Bumgarner Gee is an advocate of the medical use of cannabis. In 2012, she explained to the Nashville-based newspaper The Tennessean as well as the television station WKRN-TV about why she supported its legalization for medical reasons. She testified to the Health Committee of the Tennessee House of Representatives in favor of the Safe Access to Medical Cannabis Act in April 2012. The bill, co-sponsored by state representative Jeanne Richardson and state senator Beverly Marrero and heard by state senator Glen Casada, was axed in the Tennessee Senate.

==Personal life==
Bumgarner Gee married Gordon Gee in 1994. In 2006, an article published in The Wall Street Journal revealed that she had smoked cannabis inside Braeburn, the chancellor's residence located at 211 Deer Park in Belle Meade owned by Vanderbilt University, to alleviate the intense nausea and other debilitating symptoms of Ménière's disease. As a result of pressures of public life and political fallout from the Journal article, the couple divorced in 2008. She now resides in Westport, Massachusetts where she is engaged in environmental and animal rights activism.

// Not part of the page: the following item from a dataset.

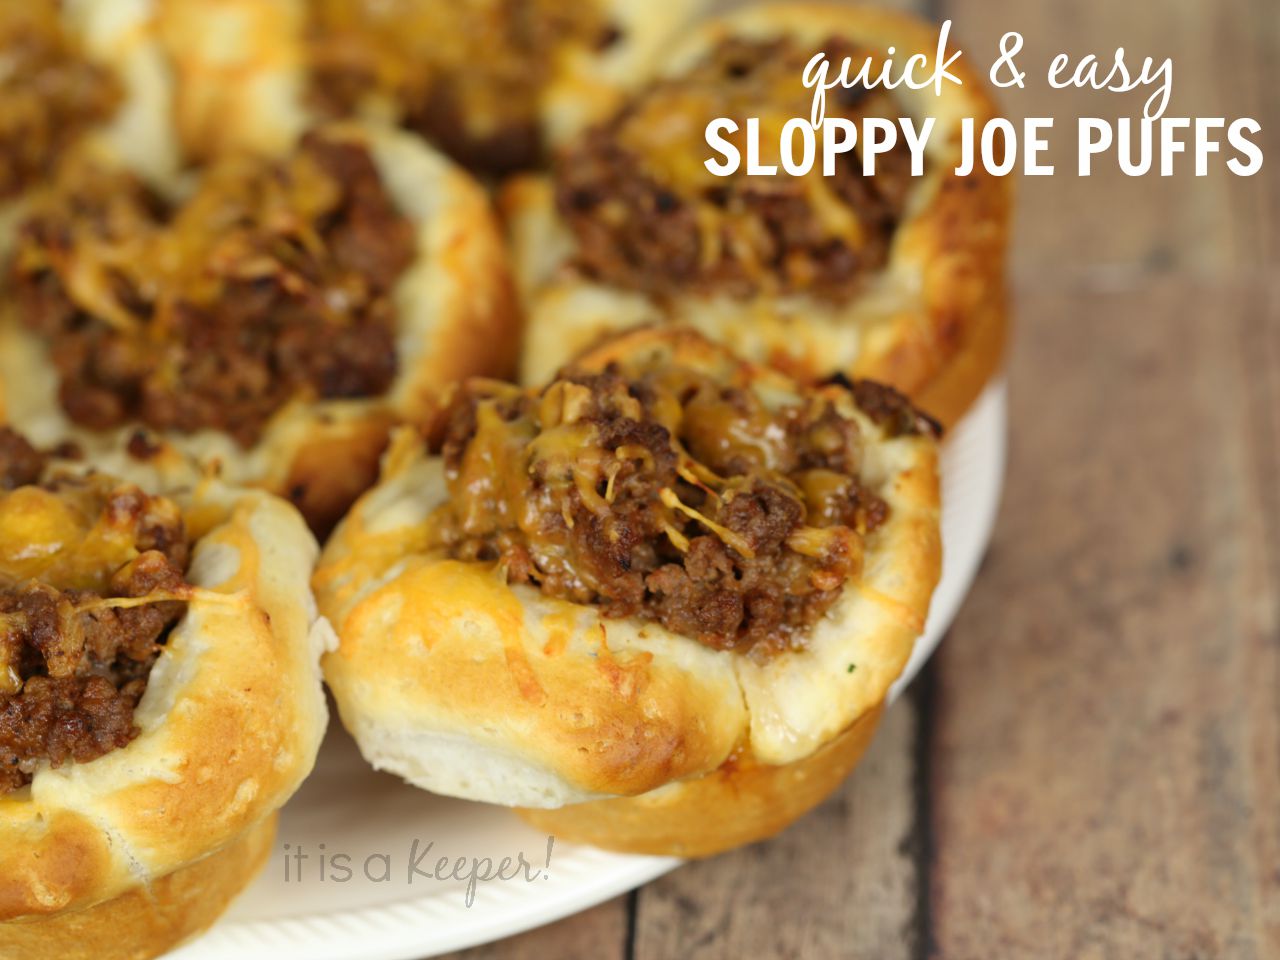 This recipe for quick and easy sloppy joe puffs has become one of my son's favorite dinners

In 2004, Bumgarner Gee was criticized for lowering the flag to half-mast at Braeburn after George W. Bush was re-elected as president of the United States.

==Selected scholarship==
- Robin Anne Atwood, Robert W. Backoff, Constance Bumgarner Gee. Identifying Characteristics in Excellent Public and Private Nonprofit Arts Organizations: A Comparative Analysis of Three High Performers. Columbus, Ohio: Ohio State University, 1995. 186 pages.
- Bryan Wayne Knicely, Constance Bumgarner Gee. A Strategic Management Assessment of The Palace Theatre and The Palace Cultural Arts Association Marion, Ohio. Columbus, Ohio: Ohio State University, 1996. 206 pages.
- Susan Pauline Genther, Constance Bumgarner Gee. An Investigation of The Impact of The Greater Columbus Arts Council's Artists-In-Schools Program on The Comprehensive Visual Arts Curriculum of Columbus Public Elementary Schools. Columbus, Ohio: Ohio State University, 1996. 364 pages.